Smith began the session, by interrupting her introducer, she wanted to spare us the long list of her accomplishments. She immediately began to engage with the moderator and took it upon herself to moderate her own Q&A. Warm and friendly in her ways, Smith began to answer questions and provided the audience with great advice on how to succeed in the world of crisis communication.
What I found to be the most interesting is Smith sharing her story about deciding on becoming a crisis communicator. She shared how she didn’t find crisis communications, it found her. There were many things that happened over the course of her life that geared her towards the career she has today. It shows that her work was not about finding the job that paid the most but finding work that was meaningful to her.
Smith informed us how much the crisis communication scene has changed since she first began. Social media plays a huge part in this, with it only taking 20 seconds for news, bad or good, to spread over the internet. Whereas it takes companies almost 18 hours to craft a solid statement. Smith’s advice is that companies must plan in order to get ahead of situations like that and they must cut down the response time.

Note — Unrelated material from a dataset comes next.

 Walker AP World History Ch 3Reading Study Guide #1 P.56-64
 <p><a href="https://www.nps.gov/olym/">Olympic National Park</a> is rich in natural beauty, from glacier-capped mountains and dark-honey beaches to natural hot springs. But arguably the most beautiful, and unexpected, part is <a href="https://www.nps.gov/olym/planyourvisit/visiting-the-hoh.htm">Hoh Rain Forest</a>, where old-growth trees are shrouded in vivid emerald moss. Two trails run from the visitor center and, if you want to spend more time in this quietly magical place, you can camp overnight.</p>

Judy Smith’s Top Skills to Strive in Crisis Communications
1. Know the Basics
– Know all you can about public relations and the basics of the industry. You can’t build a sturdy house with a weak foundation.
2. Can You Hold a Conversation?
–Smith affirmed us, that one of the most important skills in communications is the ability to hold a conversation. Often time it’s a skill that many people overlook, however, if you can’t speak to people you will not be able to do your job.
3. Good sense of Judgement
4. Use of Discretion
In addition to industry advice, Smith also provided insightful words with being a Black professional. She stated how we will always be judged for something but we can’t allow the things others say to throw us off of our game. She stressed the importance of using that energy to focus on our growth and work.